Most of the time, writers don't talk much about the process behind a particular story. But because this one has an unusual angle, I'm guessing people might be interested in how I developed the idea. Take this opportunity to peek at the scaffold behind a published short story!

Check out Akashic Books's Miami Noir at Amazon.com or your local independent bookseller.

About "Silence of the Stone Age"

The question I've been asked most often, after "What the heck is an atlatl?" is probably the question every writer gets asked: "Where did you get that idea?"

There's not often a simple answer to that question. Luckily, for this story in particular, I can talk about where the idea came from.

When I was researching my novel A Partial History, I educated myself on archaeology. I read textbooks and monographs and magazine articles and tried to absorb everything I could. This was so I could learn about my two main characters, who are both archaeologists.

I became fascinated with stone-knapping. That's when you whack rocks together until you form a tool. I learned that archaeologists can look at a spear point, say, and determine the number of strikes that were required to make it. They can even tell the precise order in which the strikes were delivered. This amazed me.

I learned that most of the stone points I always called arrowheads were really the tips of atlatl darts. Atlatls are spear throwers -- just a stick with a little hook on the end, really, that allows one to throw darts much harder and farther than one could with arm-power alone. An atlatl is a lever.

I read theories that the extinction of North American Ice Age megafauna, the giant ground sloths and cave bears and saber-tooth tigers, might be credited to the atlatl.

This was the very first piece of technology with which the impact of humans on their environment became out-of-proportion to their actual number. Everything else was downhill from there.

But where did the story itself come from?

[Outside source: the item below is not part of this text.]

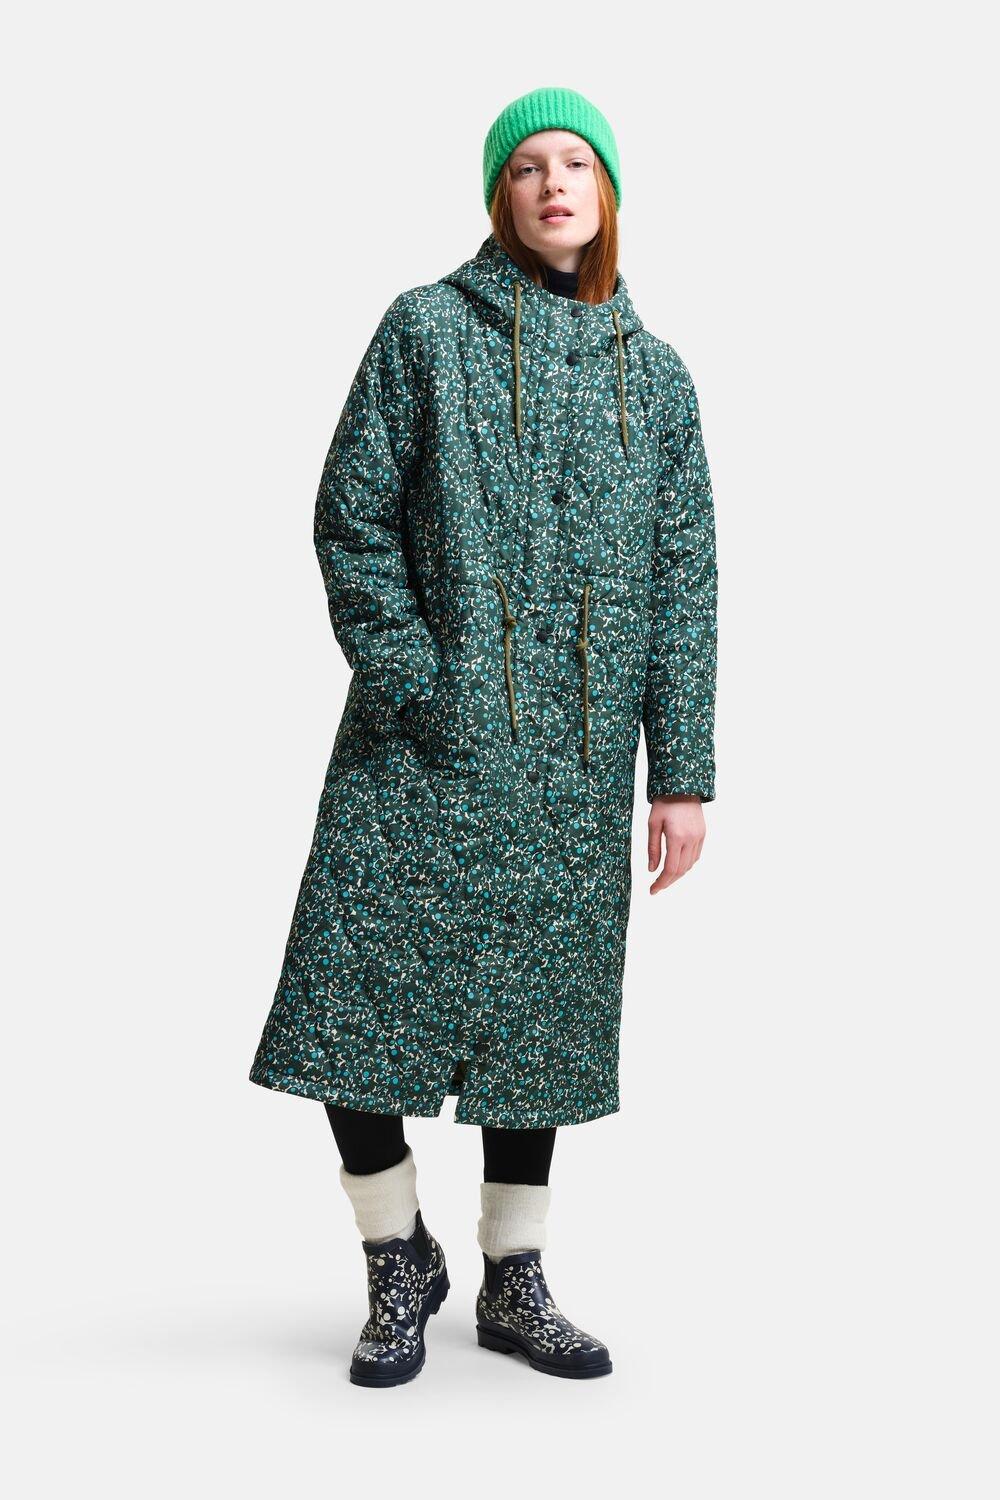 Удлиненная стеганая куртка Orla Kiely Regatta, зеленый женское кожаное пальто средней длины костюмный воротник плащ из овчины осенне зимнее пальто свободный силуэт натуральное пальто

I learned about the World Atlatl Championships -- that seemed too good to pass up. Initially I worked with Dr. David Harper, the archaeologist who's at the center of my novel. He met Eustace Green at this particular event, and Green was killed by an atlatl dart. Maybe the first person in several thousand years to be slain by this particular piece of technology.

But that wasn't a good story. There wasn't a plot. And I've heard that stories need to have those. Green's death was just an accident. Whoops. And the end is a quasi-Joycean moment wherein the main character, Dr. Harper, stares into a stand of trees and imagines how much longer the life of an atlatl's stone tip is than a human being's.

Yawn. I put the story in a drawer with all my other masterpieces.

When Les came to me with this anthology, I dusted off the atlatl and showed it to him. He mentioned its lack of plot, its massive amounts of deadweight, and gently urged me to revise it.

Over the process of multiple revisions, the story is as you now read it. A tale of jealousy, betrayal, and stone-age weaponry.

I'd like to leave you with two fun facts: first, atlatls are still being made today. Just go online and google atlatl and you'll find a couple of reputable manufacturers -- one of them's called Atlatl Bob.

Second, please take note: the only legal methods of taking game in Florida are rifles, shotguns, pistols, longbows, compound bows, recurve bows, crossbows and birds of prey. Please contact your state representative today.